Here's how you can implement position control with the SparkMax motor controllers:

import com.revrobotics.CANSparkMax;
import com.revrobotics.ControlType;
import edu.wpi.first.wpilibj.TimedRobot;

public class Robot extends TimedRobot {

    private final CANSparkMax sparkMax = new CANSparkMax(1, CANSparkMax.MotorType.kBrushless);

    @Override
    public void robotInit() {
        // Reset encoder count to ensure we're starting from 0
        sparkMax.getEncoder().setPosition(0);

        // Set PID constants. You'll tune these values!
        sparkMax.getPIDController().setP(0.1);
        sparkMax.getPIDController().setI(0.0);
        sparkMax.getPIDController().setD(0.0);

        // Set the desired position setpoint (e.g., 1000 encoder counts)
        sparkMax.getPIDController().setReference(1000, ControlType.kPosition);
    }

    @Override
    public void teleopPeriodic() {
        // Your teleoperated code here
    }
}

Tuning Position PID

  1. Set Initial Values: Start with all PID values at 0.
  2. Tune P: Slowly increase P until your system starts to oscillate around the desired position. Once you observe oscillations, reduce P a bit until they stop.
  3. Tune I: Introduce a bit of I. If your mechanism consistently stops a bit short or a bit past the target (known as steady-state error), I can help correct this. However, be wary: too much I can cause overshoot or oscillations.
  4. Tune D: Introduce D to counteract the overshoot or oscillations introduced by P and I. Remember, a small amount of D can go a long way, and too much can make the system unstable.
  5. Iterate: Go back and adjust each term as necessary, bearing in mind that changes to one term might necessitate changes to the others.
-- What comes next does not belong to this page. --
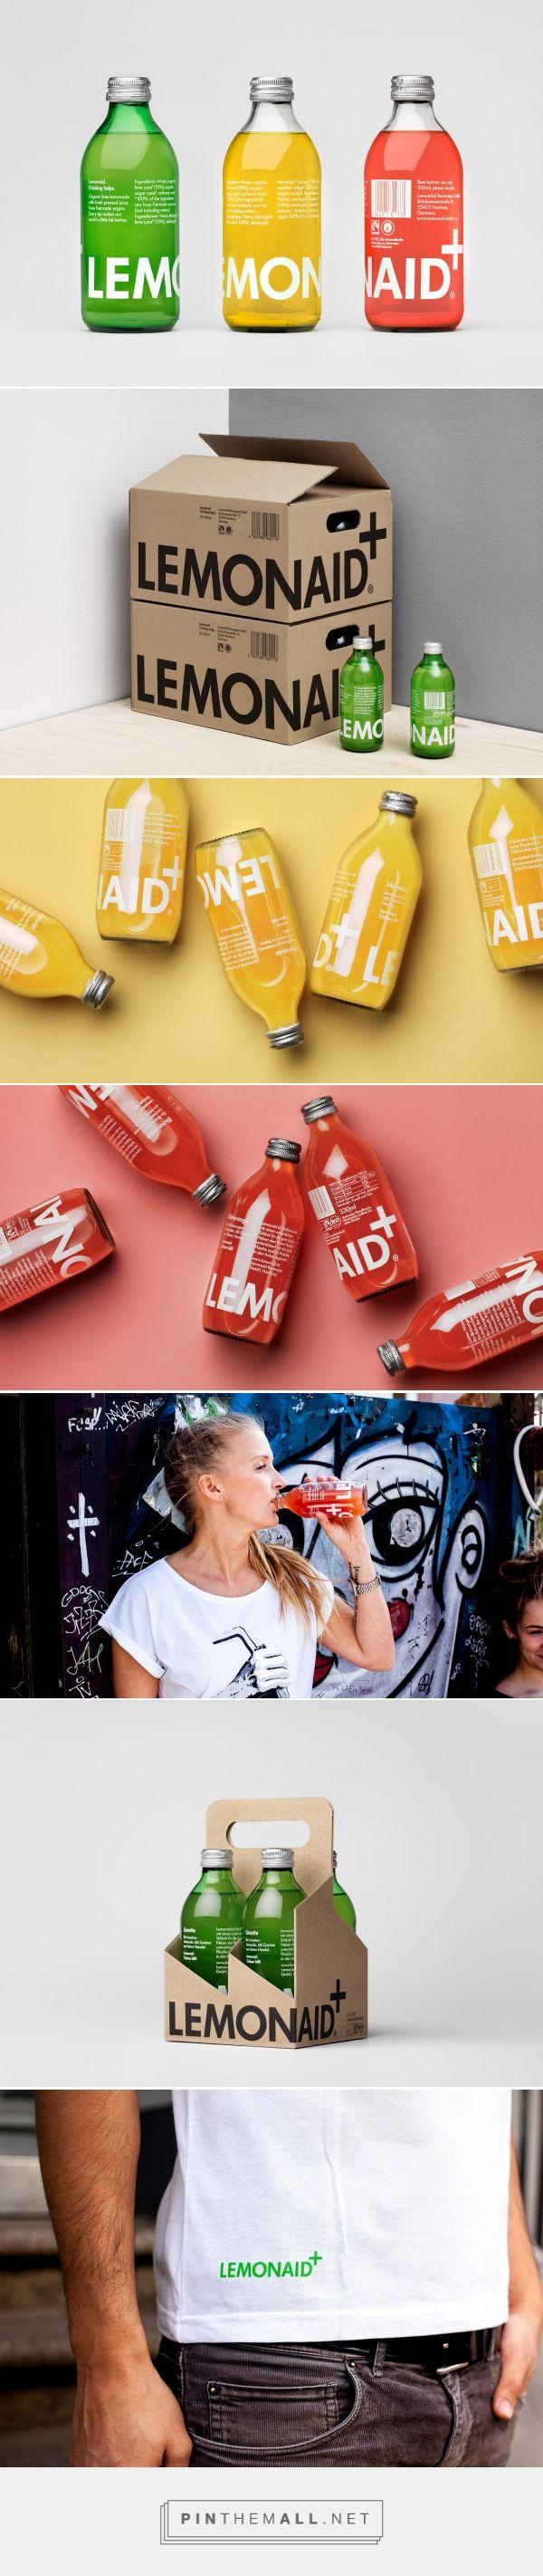 Lemonaid Brand Beverage Packaging by The Studio | Fivestar Branding Agency – Design and Branding Agency & Inspiration Gallery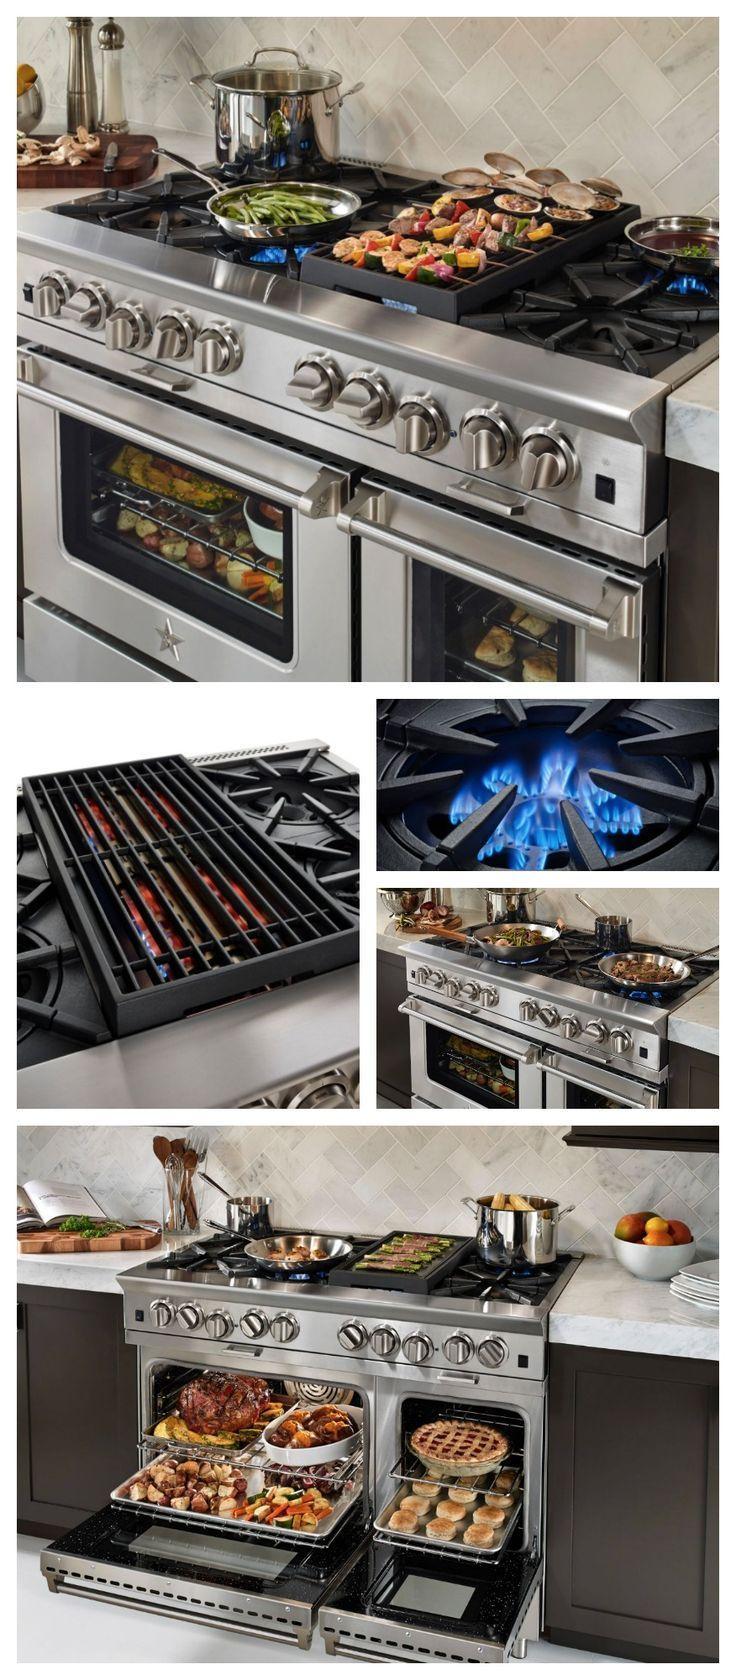 Uncategorized Big Lots Kitchen Appliances 25 best ideas about big kitchen on pinterest dream kitchens kitchens

Remember that the actual values you'll need for P, I, and D will vary based on the specifics of your robot, such as the weight of moving parts, friction, and the characteristics of the motor and gearing.

In practice, position control PID tuning often requires more patience than velocity control because you're trying to get the system to settle at a precise value, rather than maintain a steady state. As always, it's crucial to make changes incrementally and observe how each change affects system behavior.

Tasks

  1. Implement the provided PID control structure for SparkMax on your robot's drivetrain or any mechanism. Try achieving a specific speed or position.
  2. Tune the PID parameters, start with P, then introduce I and D as necessary. Remember, often you'll adjust one, then have to go back and readjust the others.
  3. Incorporate a sensor, like an encoder, to get feedback from the mechanism and give the PID controller a process variable to work with.
  4. Challenge: Introduce external disturbances (e.g., manually slowing down a wheel) and see how well your PID-controlled system can handle and correct for it.

Additional Resources

PID Explained

REV Robotics SparkMax Documentation

WPILib PIDController Documentation

Happy tuning! Remember, while the math behind PID control might seem complicated, the essence of what it's trying to achieve is straightforward: get your system to behave the way you want it to. With enough practice and observation, you'll develop an intuition for how to tune these systems efficiently.